Medical and mental health workers gather outside the West Berkeley Health Center on Tuesday morning during a daylong strike. After negotiating their first contract for over a year, the unionized workers and LifeLong management have yet to reach a deal. Credit: Ximena Natera, Berkeleyside/CatchLight

Some 140 doctors, nurse practitioners, psychiatrists, and other LifeLong Medical Care providers went on strike Tuesday over conditions and pay at the organization’s clinics across the Bay Area.

The health care workers, some wearing their white lab coats, rallied outside of the West Berkeley Health Center on Sixth Street in the morning, waving signs and eliciting supportive honks from passing cars. 

“We know what our patients need—and we’re unable to provide them with what they need,” Mike Sweeney, a nurse practitioner at LifeLong’s Ashby Health Center, said. “It’s painful for us and it’s painful for our patients.”

LifeLong started in Berkeley in 1976, and now runs upwards of 20 sites and programs offering medical, dental, and behavioral health services across the East Bay and Marin County. The organization, which receives federal funding, works with underserved populations, including low-income, homeless, undocumented, and elderly patients. LifeLong has around 1,157 employees and a $100 million annual budget.

Unhoused clients of LifeLong have often spoken highly about the services they’ve received from the organization, often through its downtown Oakland Trust Health Center, which is contracted with Alameda County Health Care for the Homeless.

“Providers come to LifeLong because we believe in the mission to provide to the communities most in need,” said Sweeney, who is also on LifeLong’s street medicine team. “We expect to take a pay cut to some extent. People are willing to make that sacrifice, but not to make that sacrifice and be worked so, so hard.”

LifeLong providers, who unionized with the Union of American Physicians & Dentists (UAPD) two years ago, have been in negotiations with the nonprofit’s leadership over their first contract for more than a year. The providers want more time for administrative work, more say in the organization’s decisions, sabbaticals, access to mental health care, and transparent wages and pay increases. 

A band of older musicians belt out songs and strum guitars on the sidewalk.
Musicians play protest songs to rally the crowd of workers at the Berkeley strike event on Tuesday. Credit: Ximena Natera, Berkeleyside/CatchLight

The staff accuses LifeLong management of not seriously considering these proposals. A federal mediator was brought in last week, a move that both sides can choose to make when they can’t reach an agreement.

“Despite our best efforts to negotiate in good faith, UAPD has chosen to strike,” said LifeLong Deputy Director Luncinda Bazile in a statement. 

She said the one-day work stoppage “will impact the care of approximately 1,000 patients and will negatively impact LifeLong during an already challenging fiscal time.”

Bazile declined a request for a follow-up interview about the specific claims made by providers, citing ongoing negotiations. 

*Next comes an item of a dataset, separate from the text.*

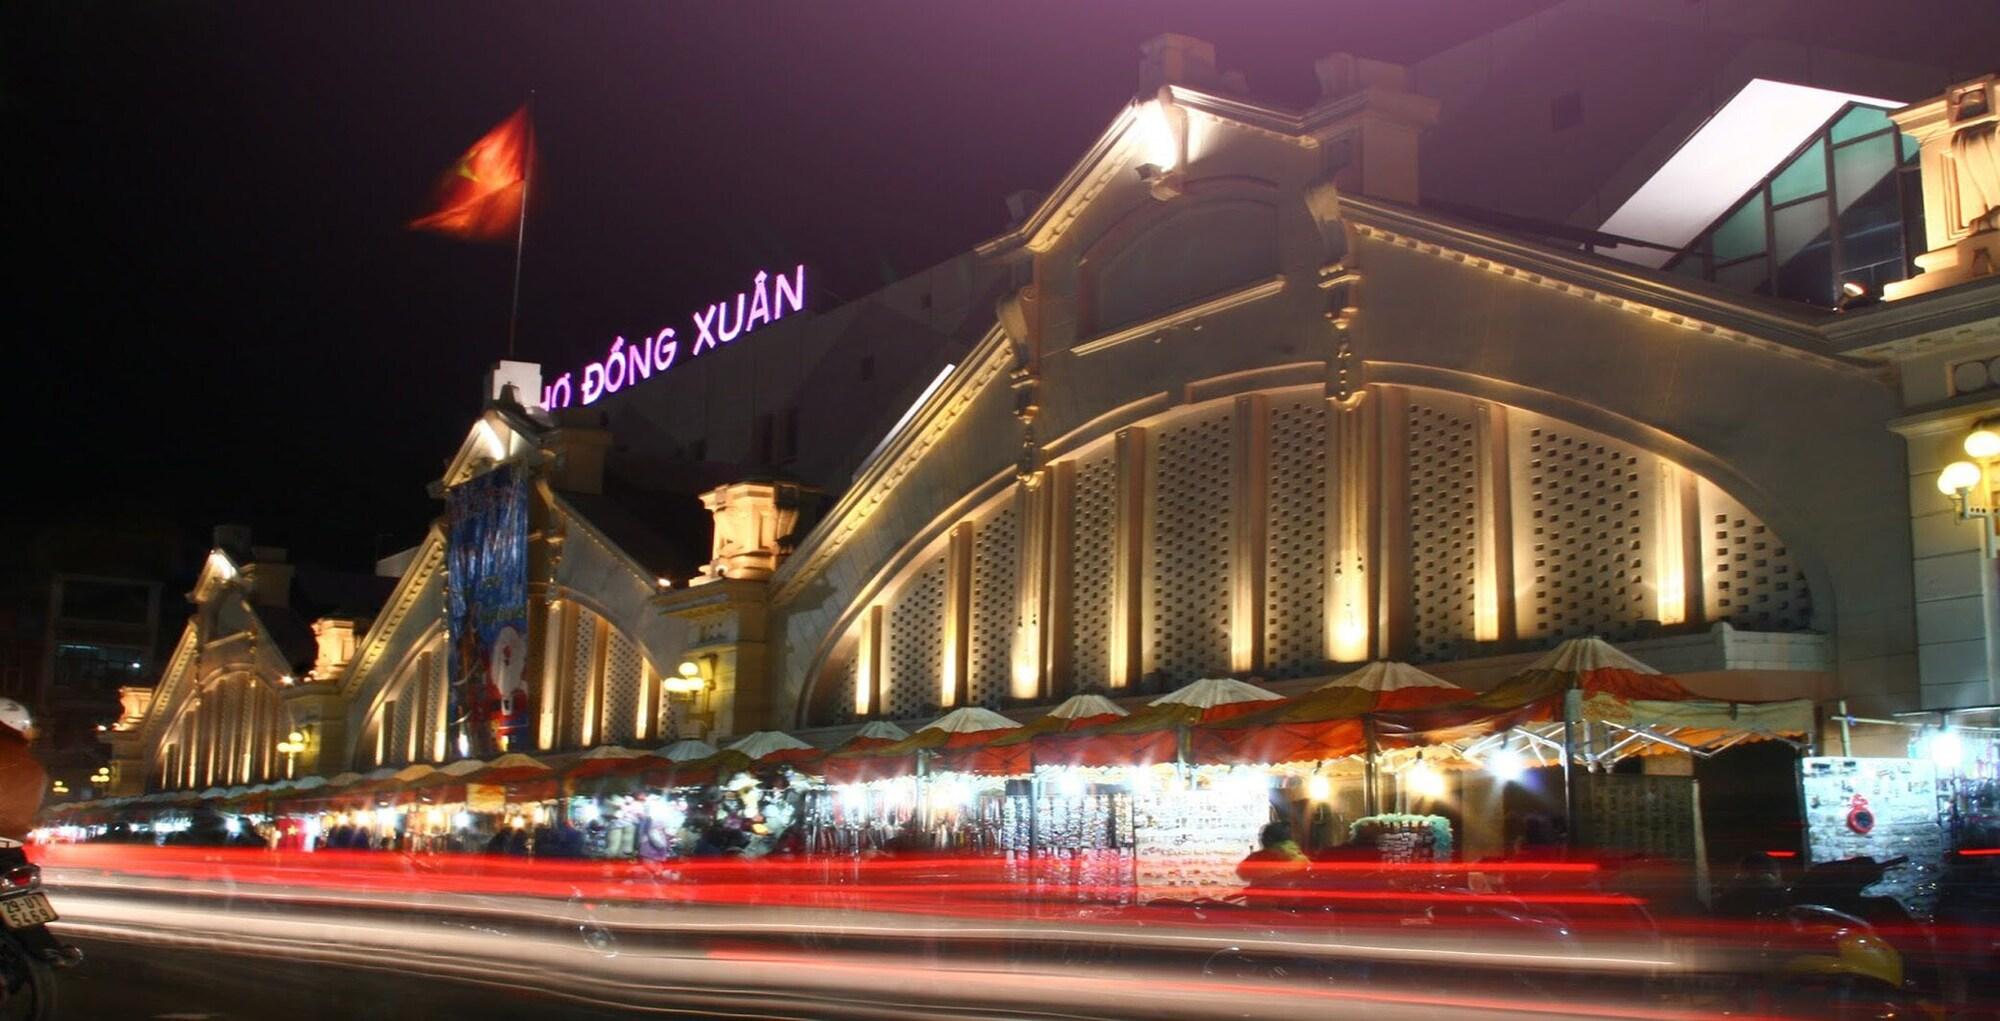 Domov Luxury Hotel, Ba Đình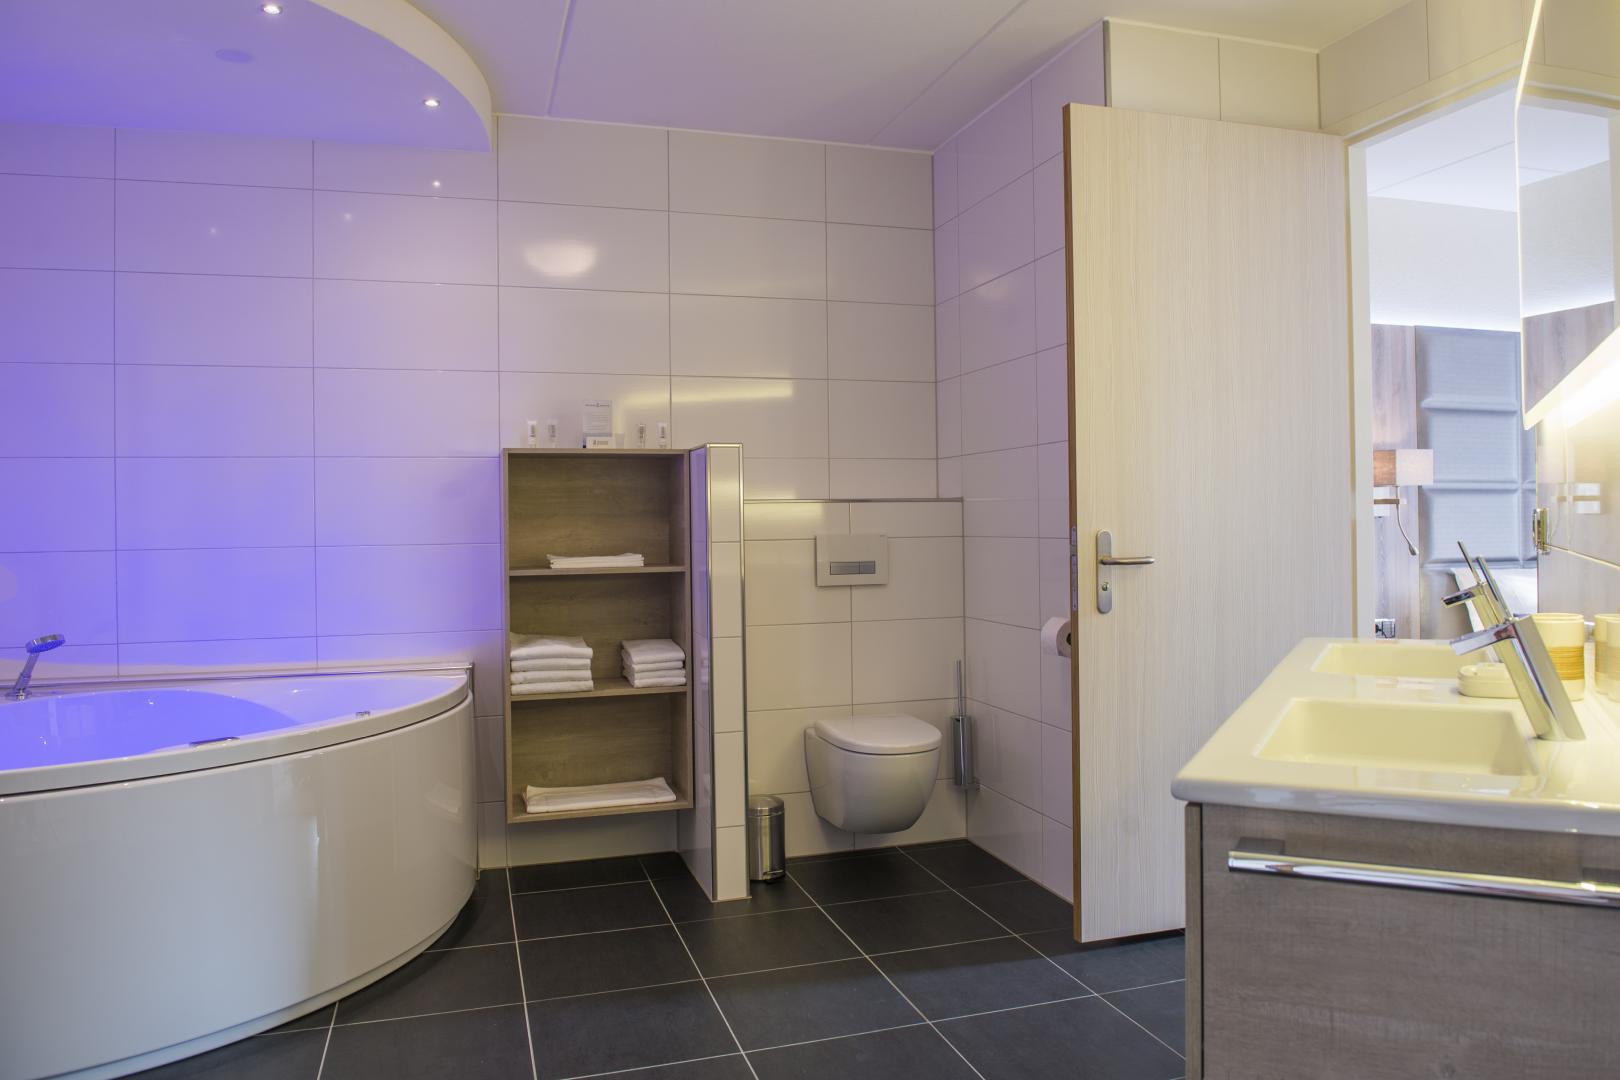 Marveld Tournament - Hotel Havezate Marveld - Bathroom

Douglas Frey, a nurse practitioner at the downtown Oakland center, said that management is “dissociated from what happens at clinics.”

He said the standard 15 minutes allotted for each appointment is far less than what’s needed to establish relationships with patients, who typically come seeking treatment for multiple issues at once. On top of that, many of LifeLong’s patients lack consistent transportation or phone access and often show up to appointments late.

A couple of weeks ago, after a colleague left her job, Frey said he started receiving requests for refills and messages from patients he’d never heard of. According to Frey, he found out he’d been assigned 692 new patients she’d been seeing.

“It’s totally unsafe,” said Frey, who’s on the bargaining team and has worked at LifeLong for 11 years. “It’s a massive increase in an already overwhelming workload. Every one of those patients I need to spend time getting to know.”

A middle-aged man with a serious expression wears a union button and stands in front of the West Berkeley Health Center.
Nurse practitioner Douglas Frey, who’s worked for LifeLong for 11 years, said he was given more than 600 new patients this month on top of an already large workload. Credit: Ximena Natera, Berkeleyside/CatchLight

He also said that as LifeLong has rapidly expanded, providers like him have lost autonomy in how they handle scheduling. Frey has been recognized for innovation around hypertension treatment, creating micro-visits focused only on blood pressure checks. He said he’s since lost the ability to do that work, causing the blood pressure control rate among the center’s patients to drop significantly.

Rachel Flores, organizing director with UAPD, said the health care workers everywhere are experiencing similar conditions.

Across the units represented by UAPD, including physicians in state and prison hospitals, and healthcare workers with California counties like San Francisco, “the issues are the same,” Flores said. “Short-staffing, patient loads, pay disparities.”

At the rally Tuesday, Valorie Kolovos, a LifeLong nurse practitioner at skilled nursing facilities, said, “There’s an element of disappointment that we had to be here and couldn’t have had fruitful negotiations.” She said competitive pay is the demand that resonates with her the most, noting that providers aren’t paid when they’re on strike.

The staff is planning to return to work Wednesday.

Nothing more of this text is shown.